Species of flowering plant

Tylosema esculentum, with common names gemsbok bean and marama bean or morama bean, is a long-lived perennial legume native to arid areas of southern Africa. Stems grow at least 3 m, in a prostrate or trailing form, with forked tendrils that facilitate climbing. A raceme up to 25 mm long, containing many yellow-orange flowers, ultimately produces an ovate to circular pod, with large brownish-black seeds.

== Form ==
The marama bean is adapted to its native region of Southern Africa and therefore grows in dry and low-moisture soils. Its drought tolerance is accordingly high.
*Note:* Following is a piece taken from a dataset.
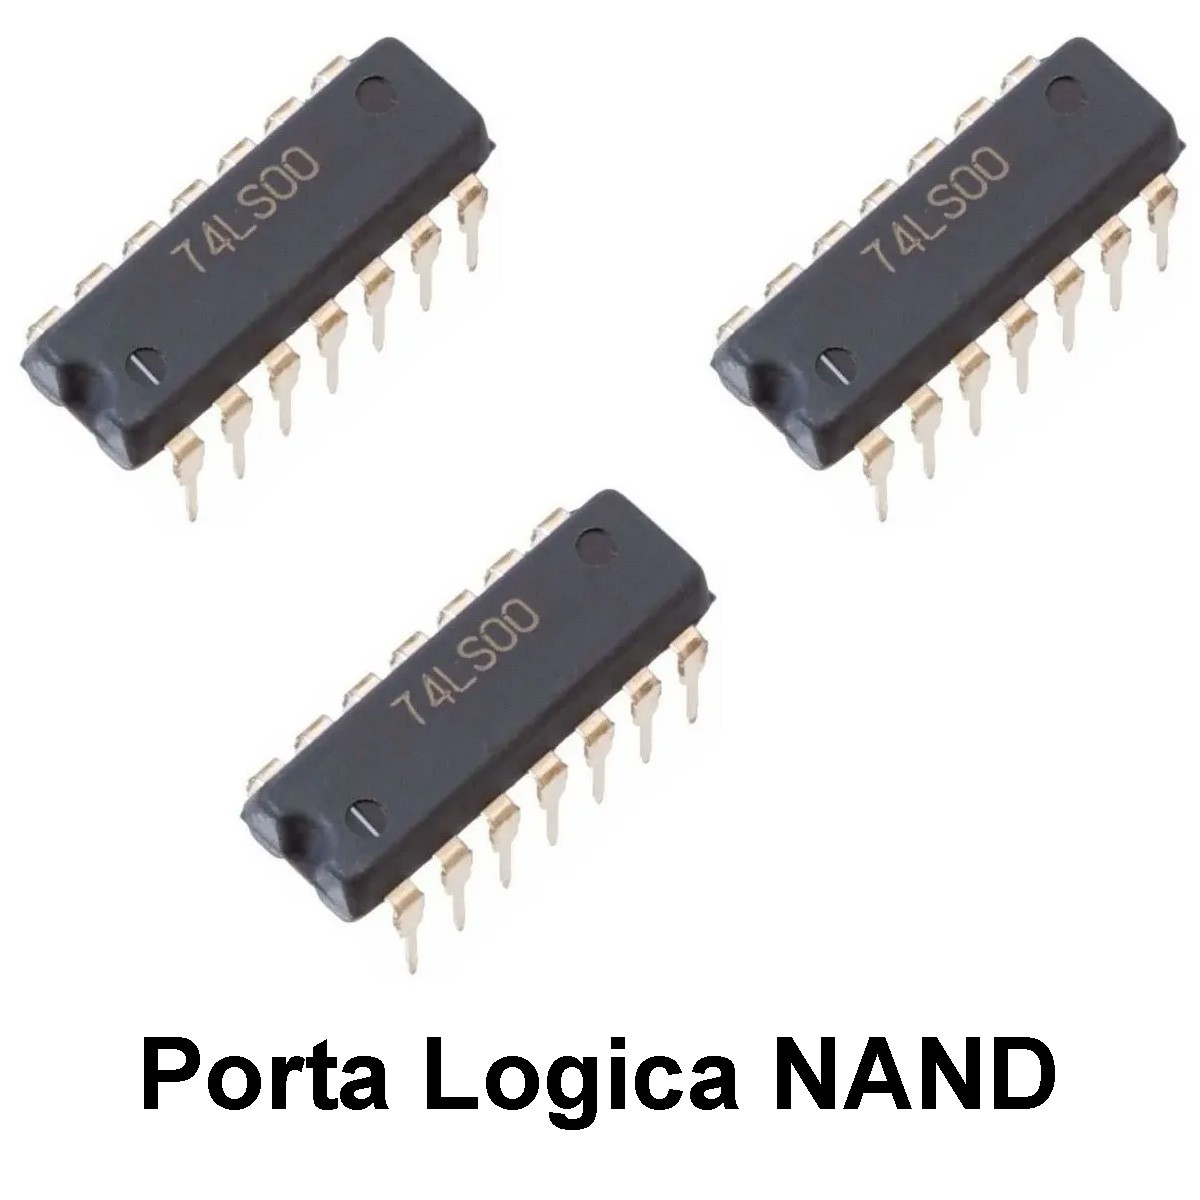 3x Porta Lógica NAND Circuito Integrado - CI 74LS00

The fact that the marama bean is adapted to harsh environments offers potential to extend the agricultural activity into regions which are dry or unproductive at the moment. Nevertheless, it needs to be investigated whether it can grow on different soil types. Summer growth is typically prodigious, particularly in plants older than one year, due in part to its large underground tuber. The plant is dormant over winter in its native home — South Africa, Namibia and Botswana — but might possibly remain evergreen in less harsh environments.

The nutritional value of the marama bean is astonishingly high for an unimproved legume. The tubers have a high protein content of 9.0% and also have a high amino acid content. The tubers of cassava, for comparison, only have a protein content of 1-3%, while yam has one of 7%. Also the grain is relatively high in protein with a share of 30-39%. The concentration of sulphur-containing amino acids is high as well (with a lysine content of 5.0% and a methionine content of 0.7%). This shows that the protein content of the seeds is comparable to the one of commercial soybeans, which have a content of 38-40%. Therefore, the potential of the marama bean is high to replace the soybean as a protein source, once there have been genetical improvements. The seeds develop in typical legume pods, albeit large and squat in shape, typically one or two seeds per pod.

The tuber can grow very large; commonly, at least 10 kg, and often much larger. In Botswana, a tuber of 277 kg has been found.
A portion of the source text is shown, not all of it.